The tandem repeat at chrX:45,606,270-45,606,355 (XLID25), which reveals a unique allele in the affected family members segregating with the phenotype, is located 65 bp downstream of the microRNA gene MIR222. It is a complex repeat consisting of two consecutive (CT)n and (GT)n sub-repeats separated by three thymidines (Fig. 2). After screening the entire control population of 100 healthy males by fragment analysis only two exhibited the same total length as in the L020 proband. We performed an additional screening by fragment analysis to differentiate (CT)n and (GT)n sub-repeats in those controls (Table S3). For that, we used a nested PCR primer annealing to the boundary that separates the sub-repeats, which gives an approximate estimation of CT copy number.

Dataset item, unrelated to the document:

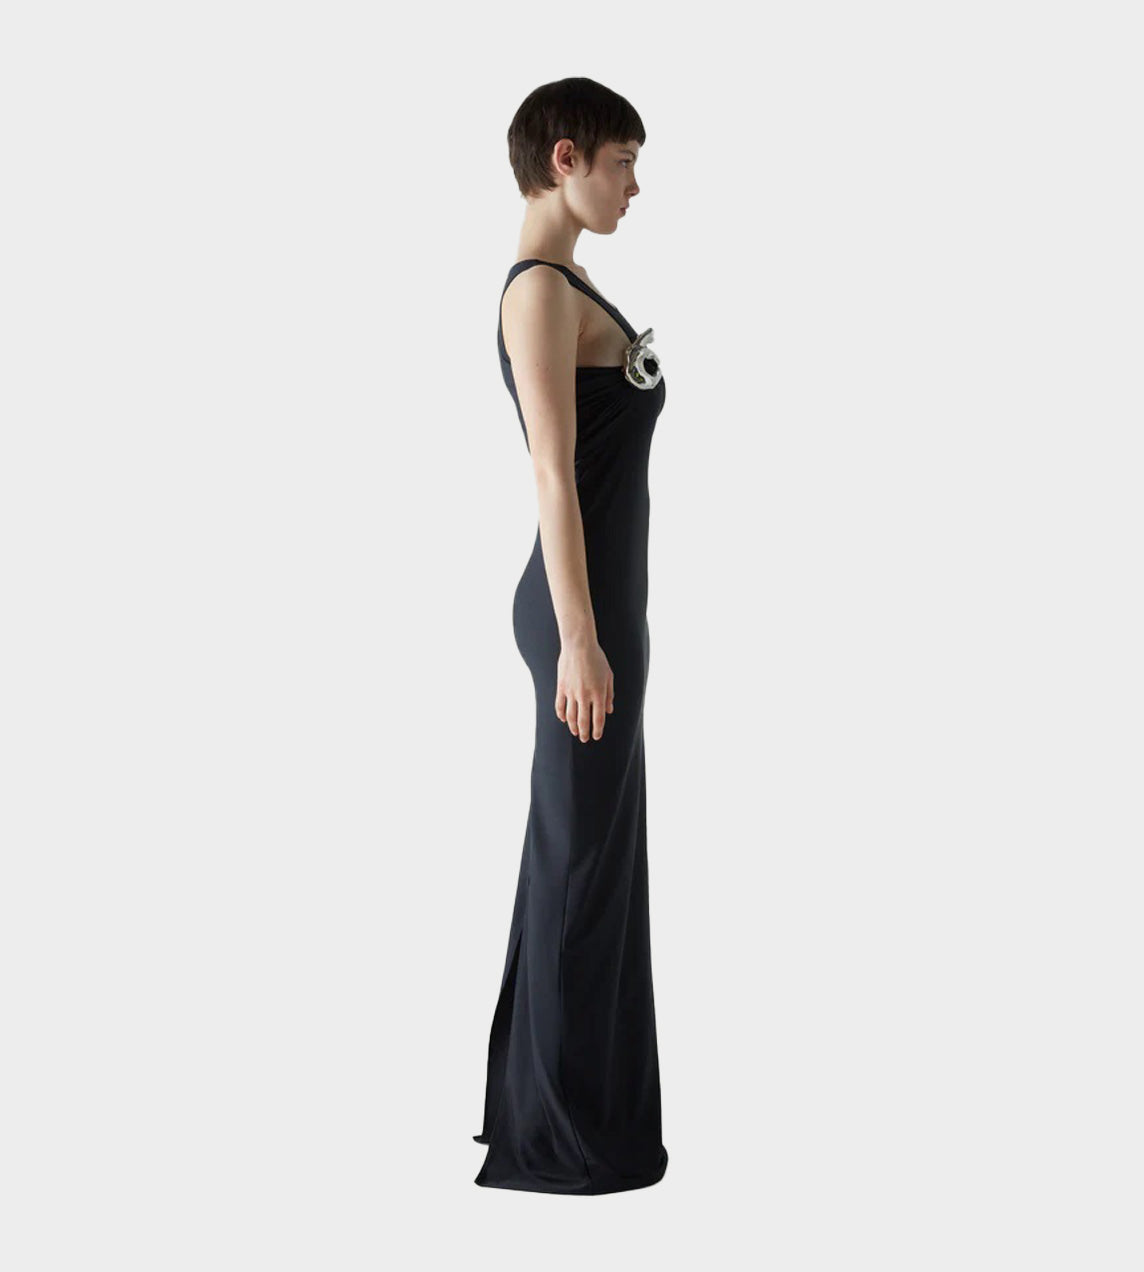 Coperni - Single Emoji Dress Black
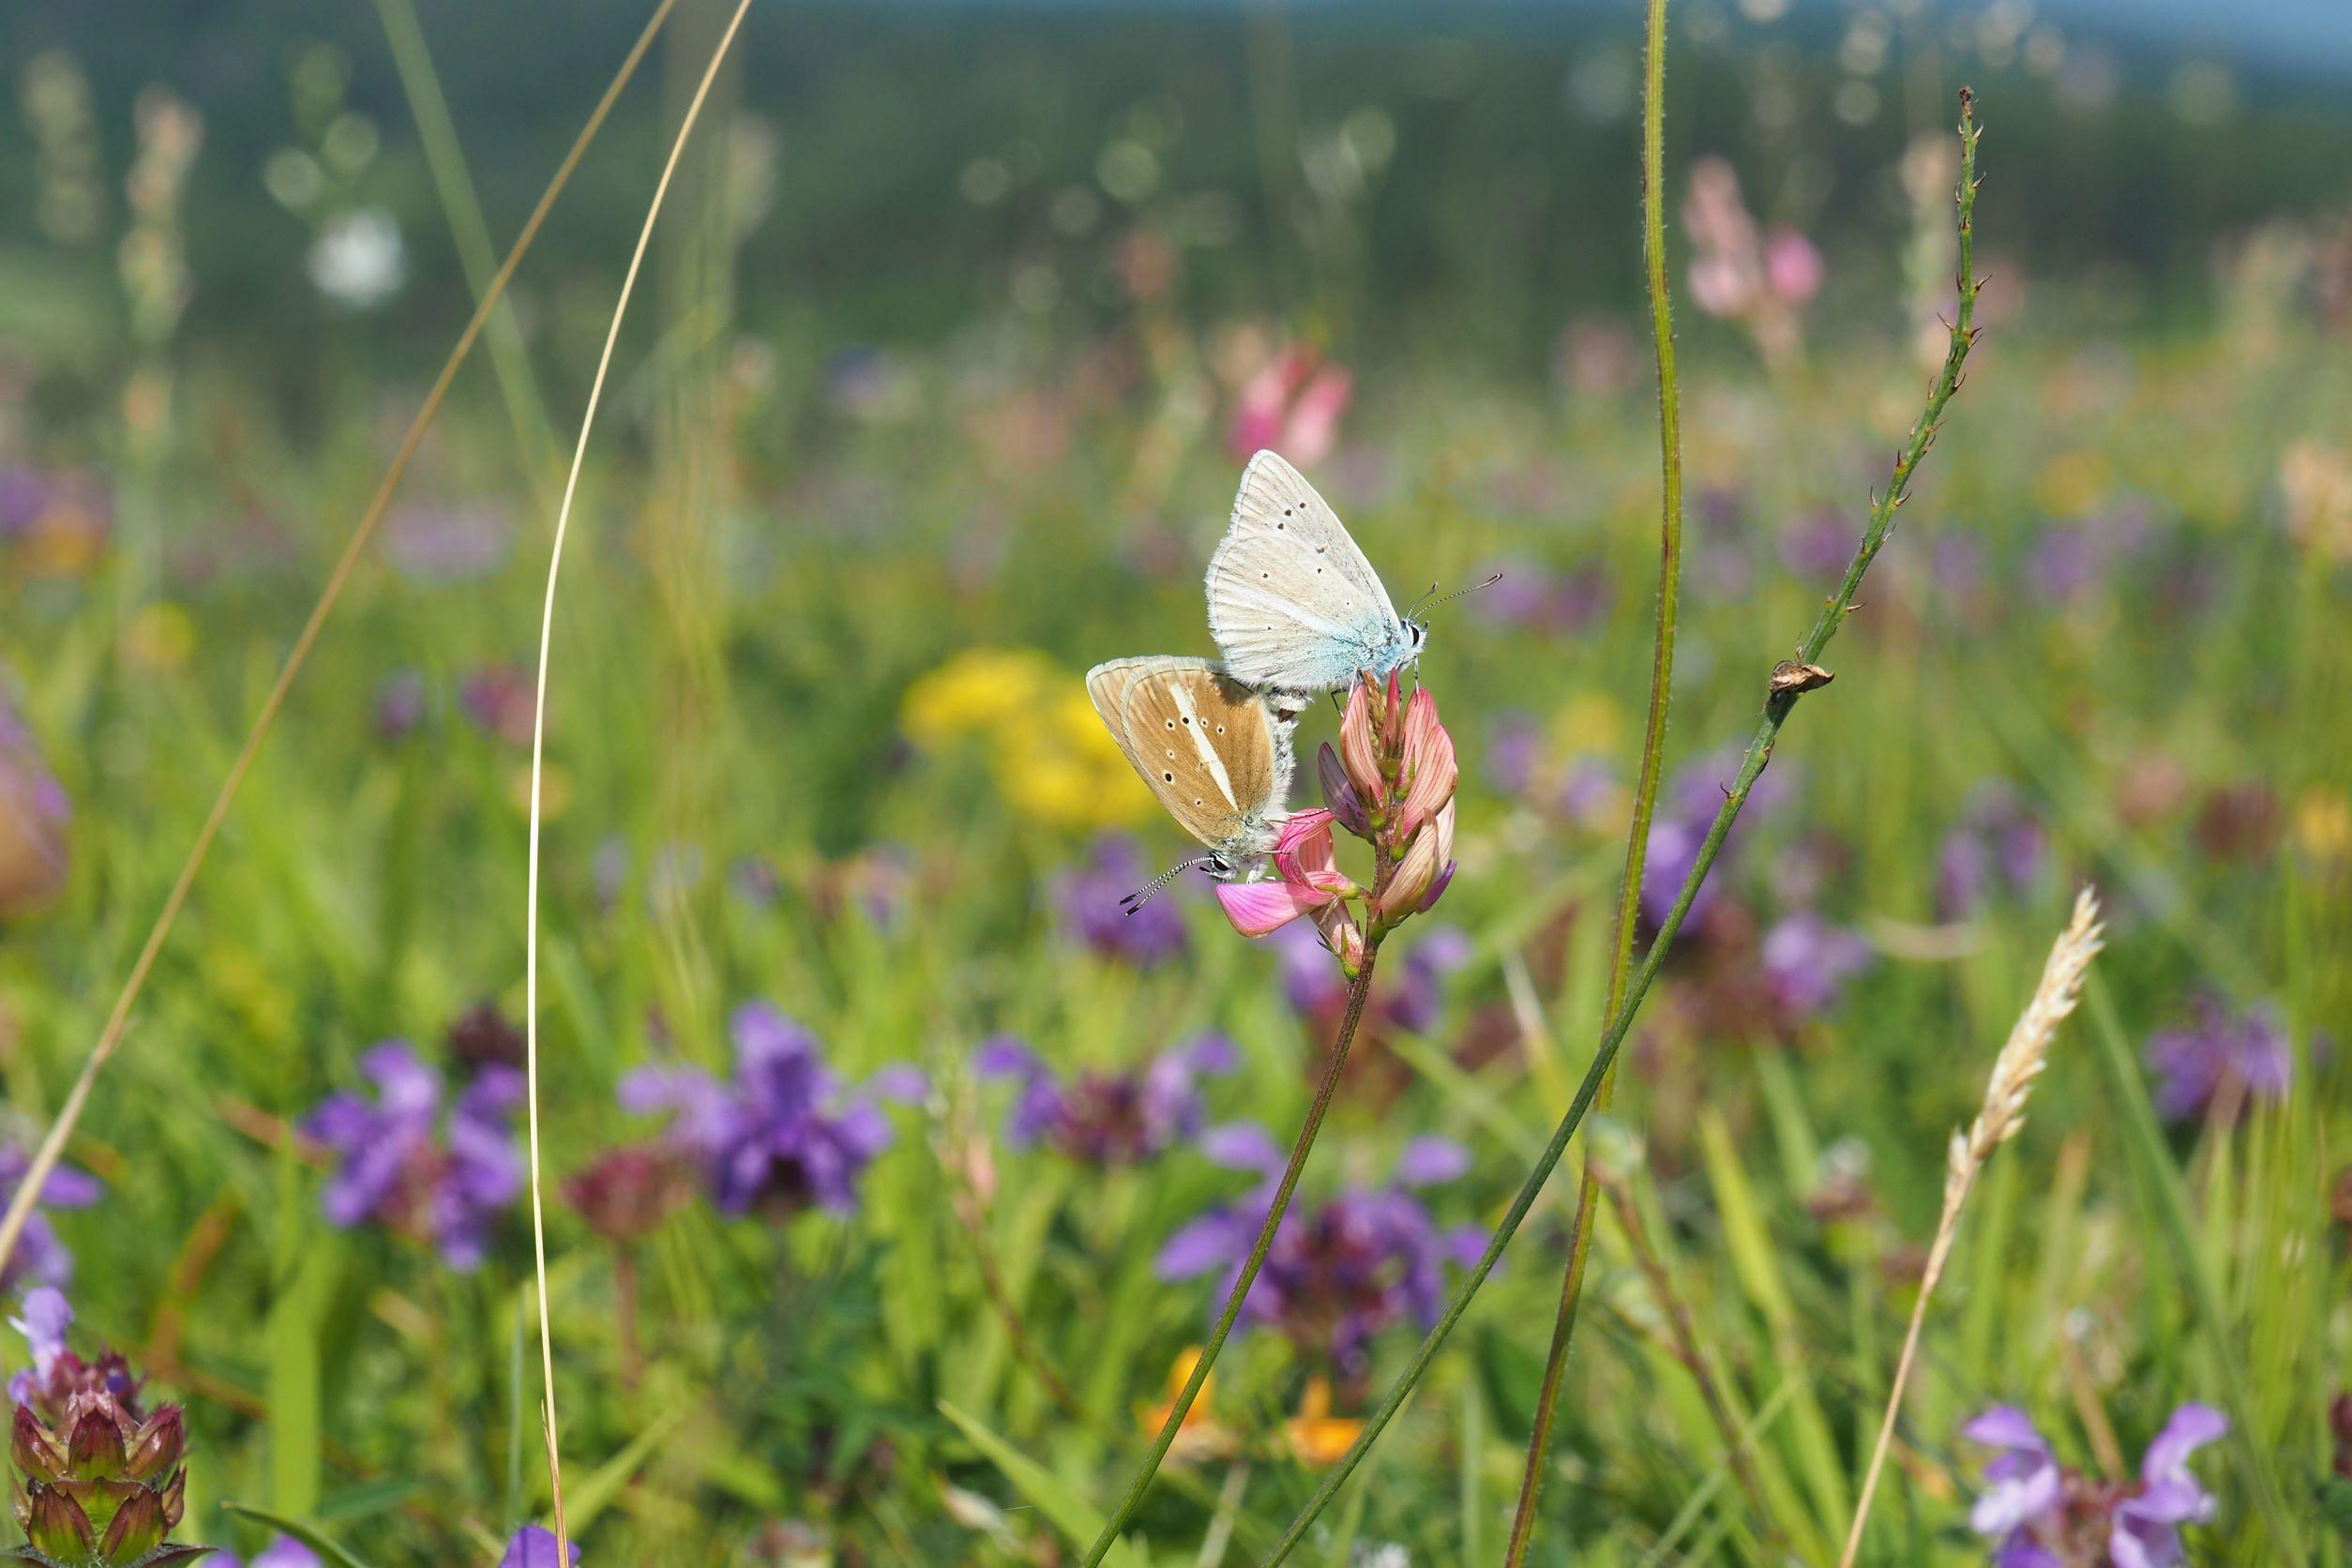 Die Artenvielfalt in den bayerischen Mittelgebirgen befindet sich im Wandel. In der Online-Vortragsreihe des Biodiversitätszentrum Rhön geben Expertinnen und Experten Einblicke in aktuelle Forschung.

To define the exact length of each individual repeat, amplicons of the 5X17 proband along with that of 23 control males were Sanger sequenced (Fig. 2). The sequenced controls included the samples with the estimated CT copy number equal to or one copy shorter than that of the proband, and the samples with the allele of the same total length as the proband. The latter control samples demonstrated different copy numbers for both (CT)n and (GT)n sub-repeats (17 CT and 37 GT copies or 20 CT and 34 GT copies), compared to the proband who exhibited an allele with the highest CT copy number (21), while the GT unit number (33) was in the normal range of 24–37 copies, observed in the controls. Notably, none of the sequenced samples revealed the (CT)n sub-repeat longer than 20 copies.

Fig. 2
figure 2

ChrX:45,606,270-45,606,355 tandem repeat (XLID25) is located downstream of MIR222. Sanger sequencing revealed the longest (CT)n sub-repeat in L020 XLID patient (5X17, bottom line), compared to 23 unaffected males. Co18 is the unaffected sibling (5X19) from the same L020 family.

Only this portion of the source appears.